Overload behaviour: when all permits are held, new connections receive a fast HTTP 503 before the TCP socket is closed. No thread is spawned for rejected connections.
Shutdown: the stop signal closes the accept loop. Workers poll a shared stop flag on a 250ms interval and exit when the receiver disconnects. The server joins worker threads and returns final metrics. This sync primitive does not preempt a handler thread; handlers must enforce read/write deadlines and return.
Thread pool: a fixed-size pool of max_connections worker threads pulls from a bounded sync_channel. The channel depth equals max_connections, doubling as an overload signal when try_send fails.
Metrics: active_connections, accepted_total, rejected_over_capacity_total, handler_errors_total, shutdown_drain_ms, last_accept_error, last_handler_error.
Daemon resource pressure surface: /v1/runtime-metrics exposes a resource_pressure object with OS parallelism, best-effort process thread count where available, supervised middleware HTTP totals, and scheduler active/queued/registered job counts. Node UI mirrors that summary on the Status page.
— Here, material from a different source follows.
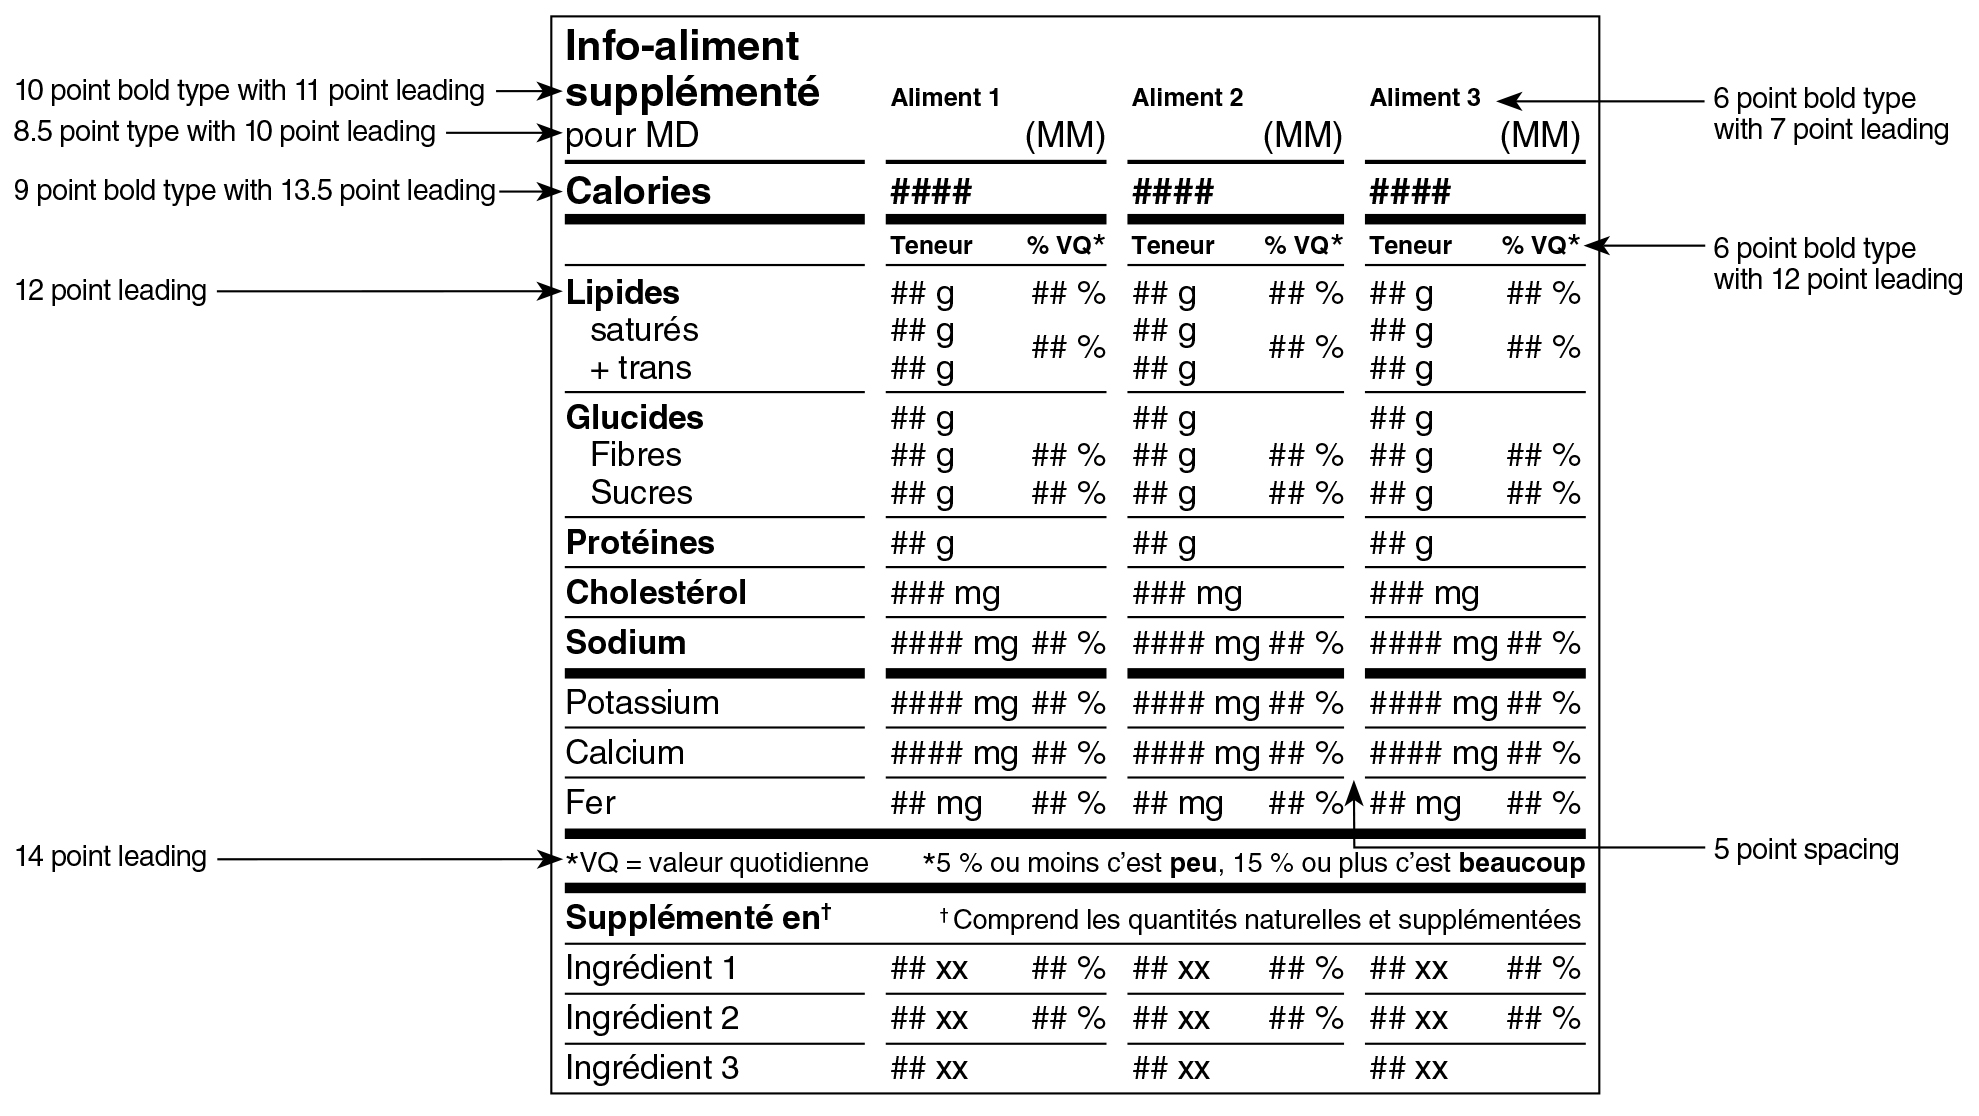 A French Supplemented Food Facts table in aggregate format for three different foods surrounded by specifications. Text version below.

For Python middleware, BoundedThreadingHTTPServer keeps the familiar stdlib BaseHTTPRequestHandler programming model but gates active requests with ORBIPLEX_MIDDLEWARE_MAX_CONNECTIONS (default: 32). When no permit is available it writes a minimal HTTP 503 response and closes the socket without starting another handler thread.

Production Invariant¶

No production local server path may create one unbounded thread per accepted connection or request. A sync server must either use the Rust bounded-server primitive, the Python BoundedThreadingHTTPServer helper, or an equivalent bounded executor with explicit overload behavior. Reload and restart paths must use cooperative bounded drain. If a supervised process cannot be stopped within its configured stop/kill budget, the daemon/operator surface must report the remaining process rather than hiding it as a successful shutdown.

Trade-offs¶

Benefit	Risk / Constraint
Single contract for all sync mini-servers	Thread-per-connection still used; bounded but not async
No new dependency (pure std)	`sync_channel` + `Arc<Mutex<Receiver>>` adds contention at high scale
Fast 503 rejection before thread spawn	503 body may not reach client if TCP buffers are full
First-class shutdown drain	Worker exit latency up to 250ms while idle; active handlers must return cooperatively
Simple `ConnectionHandler` trait	Does not support streaming responses natively

Failure Modes and Mitigations¶

Channel disconnect: workers notice RecvTimeoutError::Disconnected and exit gracefully. The server join thread waits for all workers.
Worker panic: handler panics are caught at the per-connection boundary, counted as handler_errors_total, stored as last_handler_error, and the worker continues serving later connections.
Accept error: logged to last_accept_error metric; accept loop sleeps for accept_error_backoff and retries.
Slow handler during shutdown: the server does not preempt handlers. It waits for them to finish. The shutdown_grace value is the intended operational budget and is reflected in metrics, but handler code remains responsible for honoring socket deadlines and returning.

Deferred Questions¶

Should a later async runtime add a handler deadline that the server enforces (e.g., via set_read_timeout already applied, but no preemption)?
Should the peer supervisor's session worker lifecycle also share a richer cooperative shutdown token, or is the listener-level bounded gate sufficient for M23-M25/A01 closure?

Next Actions¶

[x] Implement bounded-server crate with contract tests.
[x] Migrate daemon health endpoint.
[x] Migrate Seed Directory server.
[x] Migrate Agora service.
[x] Migrate daemon peer listener.
[x] Migrate bundled Python middleware to BoundedThreadingHTTPServer.
[x] Expose daemon resource pressure in runtime metrics and Node UI status.
[x] Add bounded Python HTTP helper test for fast 503 rejection.
[x] Add integration test that verifies 503 under load in a real daemon context.
[ ] Post-MVP: keep an explicit audit inventory for any production local listener that is not backed by bounded-server, BoundedThreadingHTTPServer, or a documented equivalent bounded adapter.